Berputar-putar sekali. Haha. Sebenarnya dalam tulisan tidak jelas ini saya hanya ingin menyoroti bus transjakarta dari sisi dampaknya terhadap bumi yang keren ini. Maksud saya, saya salut dengan kebijakan penggunaan bahan bakar gas (BBG) untuk bus segede kingkong ini, tidak lain dan tidak bukan tentulah dengan tujuan untuk mengurangi pemakaian minyak bumi yang jumlahnya semakin minim. Tetapi di sisi lain, pemda lalai karena menggunakan kertas sebagai *apa ya?* katakanlah sebagai media bagi pengguna bus untuk bisa menggunakan jasa transportasi massal ini (aneh bahasanya, pura-pura gak tau!). Saya tidak pernah bosan untuk selalu mengingatkan siapa saja di mana saja untuk melakukan penghematan kertas. Kertas-kertas itu didapatkan dengan cara menebang pohon, menggunduli hutan. Semua tahu itu, tapi mungkin hanya sedikit sekali yang aware. Jadi singkat kata ketika saya menyerahkan uang Rp.3500 kepada petugas halte, saya akan diberikan selembar tiket masuk yang kemudian akan disobek menjadi dua bagian, yang satunya buat disimpan petugas, yang satunya buat saya. lalu bekas potongan tiket yang diberikan ke saya itu ujung-ujungnya hanya akan saya buang, menambah-nambah jumlah sampah tentu saja jika dilakukan oleh ratusan orang yang naik bus transjakarta dalam sehari misalkan. Lalu kalau dikalikan 30 hari dalam sebulan, atau 365 hari dalam setahun. Ah, tak terbayang nasib hutan kita, hutan Indonesia yang disebut-sebut sebagai paru-paru dunia yang fana ini (?).
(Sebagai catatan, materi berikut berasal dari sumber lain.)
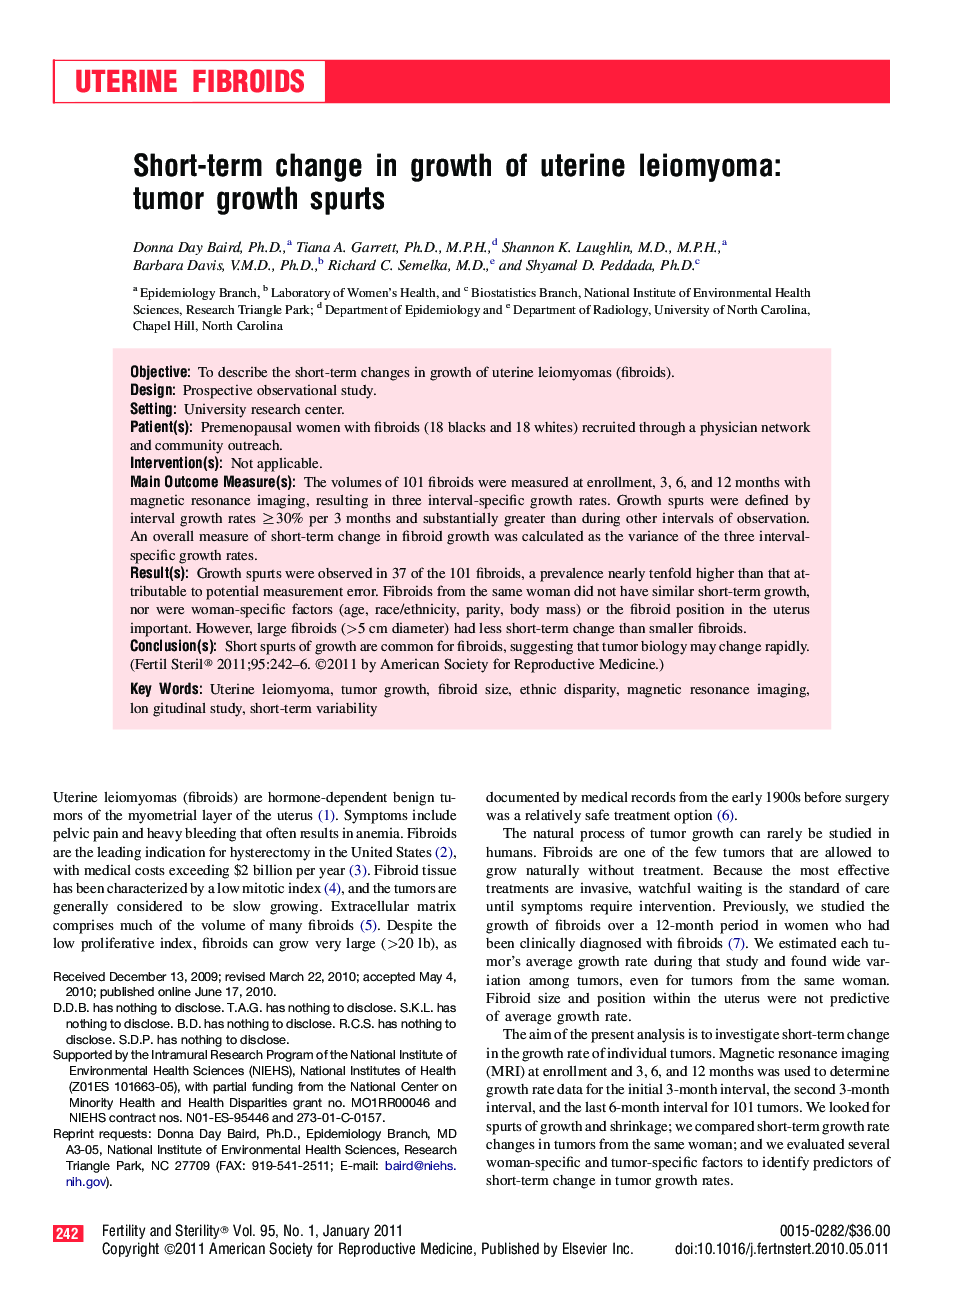 Short-term change in growth of uterine leiomyoma: tumor growth spurts

Bukankah ada baiknya tiket naik bus transjakarta dialihkan menjadi semacam kartu yang tinggal digesek sehingga pemakaiannya dapat dilakukan berulang-ulang? Menurut saya ini lebih ramah lingkungan. Mengurangi penggunaan jumlah kertas, mengurangi jumlah energi yang terpakai untuk memproduksi tiket bus transjak, dan tentu saja mengurangi volume sampah kota Jakarta.

Lalu apa yang bisa saya lakukan? Menggerutu! Haha. Saya terlalu banyak protes. Tapi saya hanya ingin bumi ini menjadi nyaman untuk ditinggali, saya ingin bumi ini dalam keadaan ‘sehat’ ketika diwariskan kepada anak-cucu nanti. Yah, Jakarta semakin panas, mall semakin banyak, jumlah mobil dan motor juga tidak mau kalah, sementara taman-taman dan lahan terbuka semakin susah ditemukan. Saya tidak bisa berbuat banyak, yang mampu saya lakukan hanyalah berusaha mengurangi pemakaian kertas, menghemat air, listrik dan energi, membenci para perokok (?), dan mengkampanyekan hidup hijau untuk menyelamatkan bumi kita kepada orang-orang terdekat.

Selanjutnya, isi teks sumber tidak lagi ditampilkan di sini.